Process review: how often should you do it?

eQMS Blog

Changes in the environment, whether that be advances and implementation of new technologies, changes in the physical environment, or key personnel could mean that, before your very eyes, your processes may become outdated, inefficient, and obsolete.

The need for continuous improvement of processes is the main reason reviewing is important, but the time taken to do those reviews is key to business growth. So, do you need to have a process to review a process?


In a word, Yes, but it’s not as bad as it seems. It’s all about being ready to look at what’s been the norm and change it up, ready or not. Let’s have a look at a few of the reasons why your review timing is mandatory, immediate, or on a more informal need-by-need basis.

When should I review it?

Key processes and their documentation vary from business to business, and of course from task to task. What will take priority for some may even not be on the radar for others. For many, the time frames are quite regimented.

If you have a structured and certified (quality) management system like ISO 9001 then you will be aware of having to review processes at least once a year for internal audit requirements. Keep in mind, there is assistance available. Using relevant and intuitive software to ease the burden, can be a welcome tool. In addition to internal audits, an auditor from the certification body will be a familiar visitor, conducting the required external audit. Every process should be audited by an external auditor for every certification renewal cycle, which is three years for ISO 9001. Both internal and external reviews are essential and key to the process but if you dread the thought, or find your eyes are glazing over right now, remember that directives are not a bad thing. Structure tends to breed conformity, yes, but it also lends itself to confidence and stability. Apart from regulatory reviews, the reviewing processes need not be an all-or-nothing situation. Amendments can be considered at any stage of the review process, with key staff being asked to undertake a review at a moment’s notice.

Imagine you are faced with a sudden resignation of a key member of senior management. Years of knowledge could, and will, walk out the door with this person. This is a situation that needs immediate attention. Personnel changes and employment strategies may need reviewing only on an ad hoc basis due to out-of-the-blue, changes in management or through new government employee regulations changes, but unforeseen events will test you and your processes.

As another example, if you’ve had an incident where someone has been injured in the workplace, and people did not know what to do, the task is clear. So then, is the need for a review and communication of the process.

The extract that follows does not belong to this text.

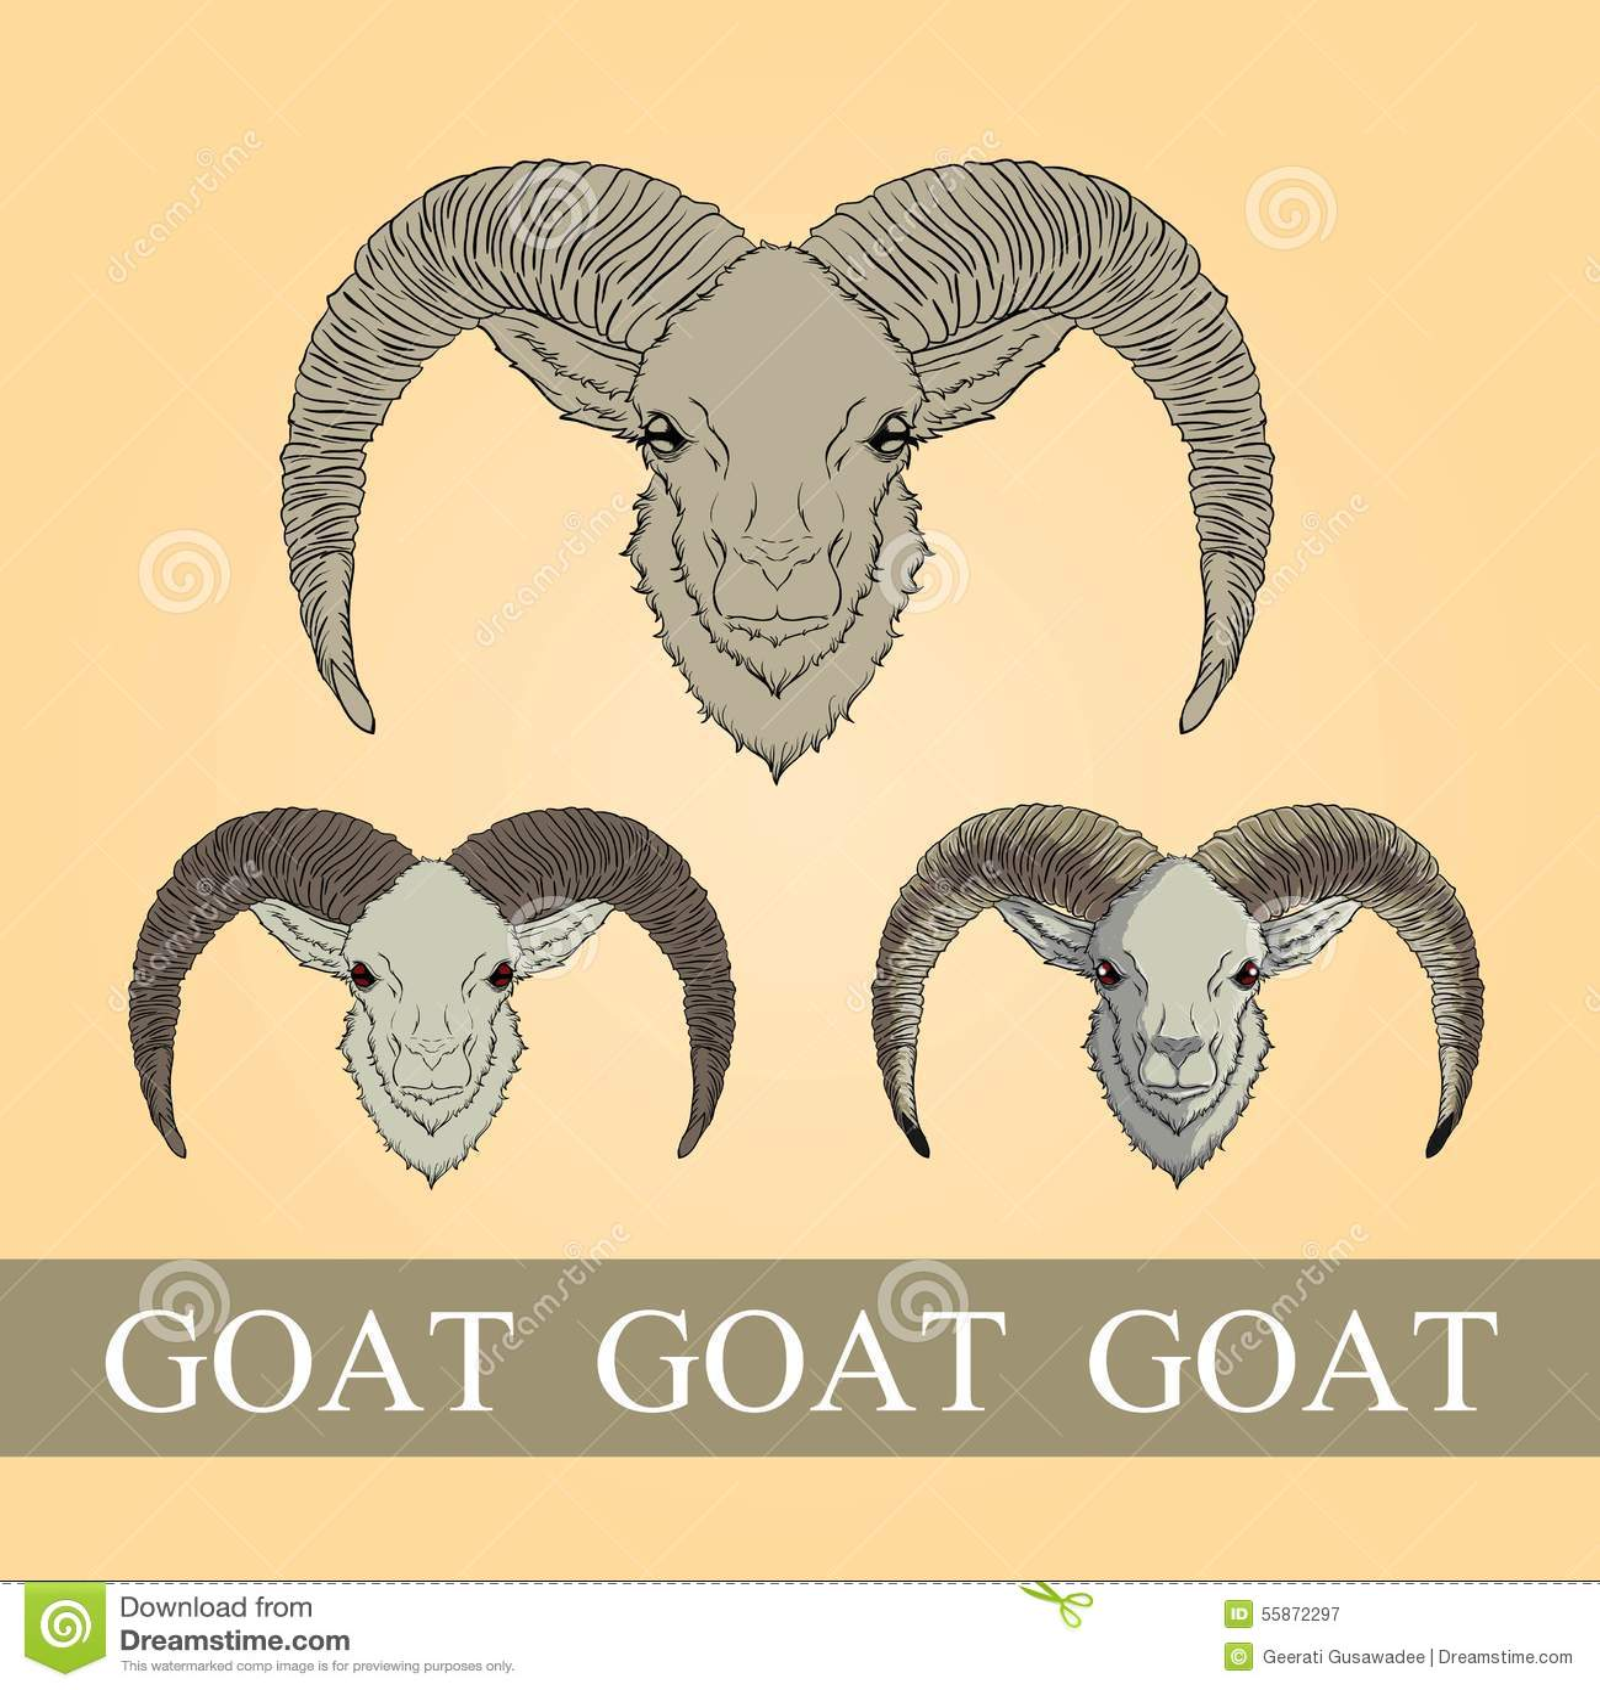 Goat Stock Vector - Image: 55872297

These types of emergency reviews are generally created from a specific happening, an unforeseen occurrence that has been identified as worthy of attention. From all accounts, the most important time to review, it seems, is when there is a change. A change in direction for the business, the creation of new departments, or new positions within the organization do point to some areas that may need to be looked at, but just a newness creates a need, and so does stability.

Determining regularity is all about identifying the task at hand. If you look at it like project management it may help to make more sense. For new processes, it is probably wise to monitor progress on a more regular basis. These are the times when teething problems are first identified. Don’t see this identification of issues as a failure of the process, or that of the creator, but simply as a perfect opportunity to fine-tune some of the more elusive points. You’d be surprised how many things raise their ugly heads when poked. Hey, they may be ugly but they bring you a gift. The gift of opportunity.

What if it’s not broken?

It’s easy to think that while things are going well, it’s best to leave well enough alone. Not so, my hopeful friends, for it is these times when we should be looking at reviewing current processes. It is times of steadiness that can direct us to further success, by the mere reinvention of ourselves. 

It is what it is, and if a business is to generate continuous growth and strength in what is essentially a demanding marketplace, the right amount of attention, in the right ways can be the betterment for all involved.

The End Game

If you weren’t under the impression before that you need to have eyes in the back of your head, you should be now.

Processes can be a double-edged sword. They can raise the blood pressure of even the most serene of us and turn us into pen-wielding, red-faced maniacs. Or they can be seen as what they are. Continuous process improvement is a volatile, fickle mistress, yes, but an essential one. She offers self-reflection and the chance for progression. Very few things survive being put under a microscope but a process, given the right treatment, can survive both drought and flood. It is with all of this in mind that suggests knowing your business well, and knowing what drives your success, for now, and tomorrow as you look to the future.